At the inner upper end, a fitting protrusion protrudes along the inner peripheral surface in a shape corresponding to the recessed shape of the fitting groove; and
At the inner bottom, a recessed inlet groove is formed along the inner peripheral surface in a shape corresponding to the protruding shape of the inlet protrusion,
The catheter is inserted into the lower surface of the rotating part, so that the inserting protrusion is seated inside the inserting groove, and the upper surface of the rotating unit is inserted into the bottom of the frame, and the fitting protrusion is seated inside the fitting groove, so that the rotating part is placed inside the fitting groove. A rotatable endoscopic retrograde cholangiopancreatography incision, characterized in that it can be rotated along.
According to paragraph 4,
The incision line is,
A fixture fitted and fixed inside the distal end of the catheter;
A moving tool spaced apart from the fixture and fitted inside the catheter;
A cutting wire is formed in a space spaced apart from the fixture and the moving section, and both ends are coupled to the fixture and the moving section, respectively, and the center penetrates each of the cutting line access holes and is exposed to the outside in close contact with the outer peripheral surface of the catheter. ; and
It consists of a steel wire, one end of which is coupled and fixed to the moving tool, and the other end connected to the handle,
When the handle moves to the upper side of the frame, the steel wire and the moving tool are moved along the moving direction of the handle, and the end of the catheter is bent toward the moving direction of the handle to separate the cutting wire from the catheter. Possible endoscopic retrograde cholangiopancreatography incision diagram.

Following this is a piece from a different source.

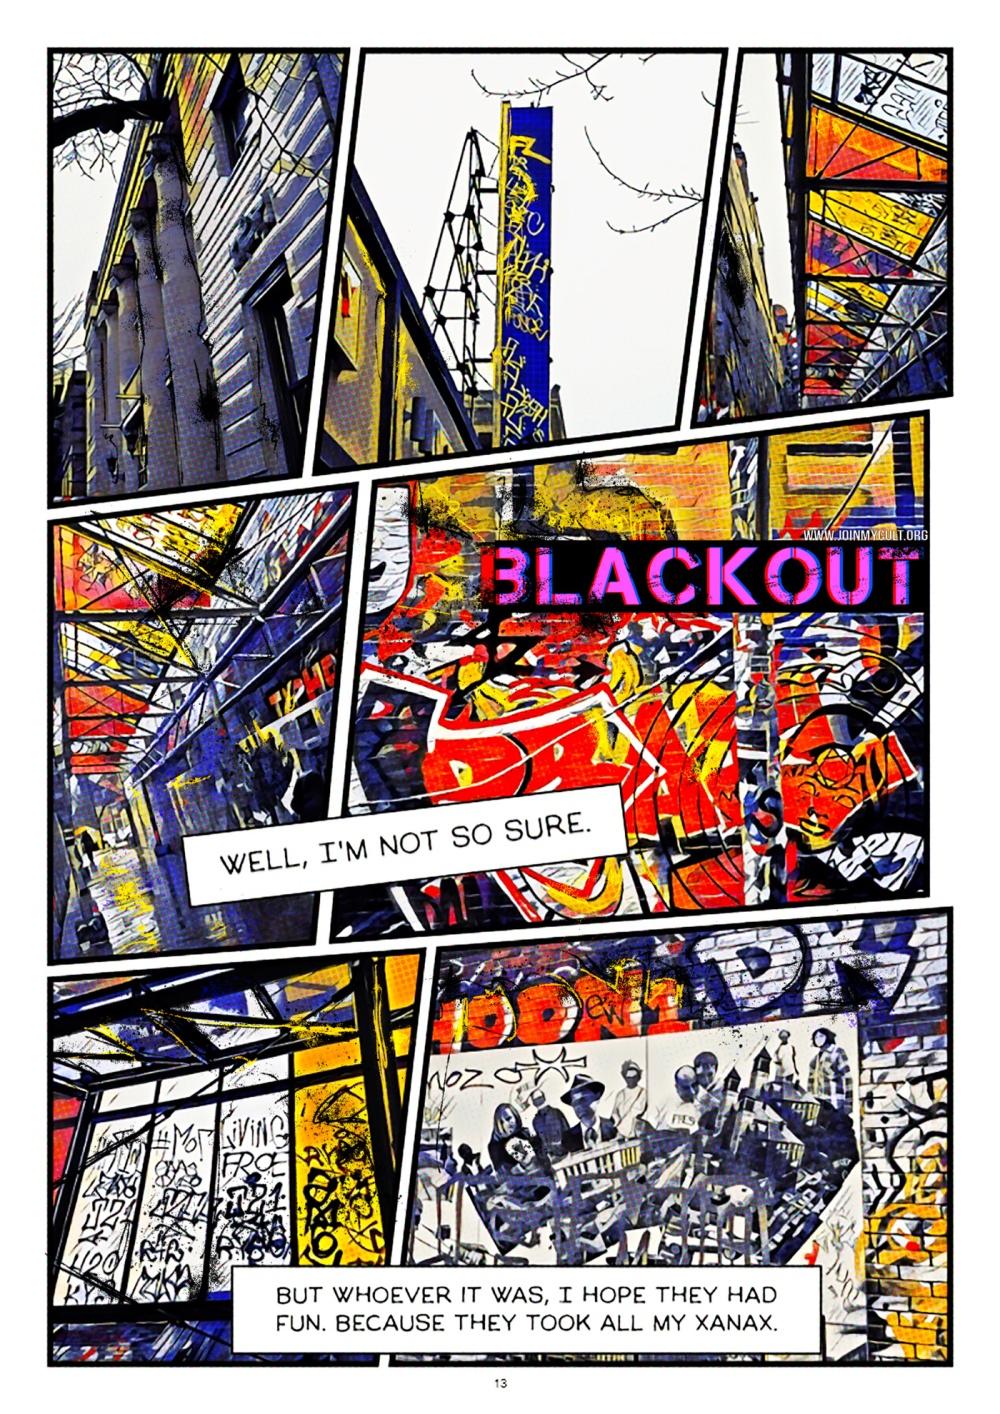 BLACKOUT1-13

delete delete delete delete an operating unit consisting of a frame and a handle that penetrates the frame and can be moved along a direction in which the frame extends;
A catheter connected to the bottom of the control unit and introduced into the body;
An incision line that has one end fixed to the handle and the other end fixed to the distal end of the catheter and built into the catheter;
A rotating part coupled to the end of the frame, the inner lower end of which is connected to the catheter and rotated along the outer peripheral surface of the end of the frame to rotate the catheter; and
It consists of a guide wire that is inserted into the catheter, moves along the direction of extension of the catheter, and is drawn out to the end of the catheter and protrudes outward,
The catheter is
a pair of wire draw-out holes at the end communicating with the internal space of the catheter and formed on one side and the other so that the end of the guide wire protrudes outward; and
A connection port is provided on the upper side connected to the operation unit and through which the guide wire can be inserted into the catheter through an injection wire protruding to one side; is formed,
Formed at the center of the injection wire, the guide wire is inserted into a hole penetrating the injection wire and inserted into the catheter,
Inside the distal end of the catheter, a slope is formed in the spaced apart inner space of the pair of wire draw-out holes toward the wire draw-out hole, so that the guide wire selectively moves to the wire draw-out hole along the slope. Rotatable endoscopic retrograde cholangiopancreatography incision.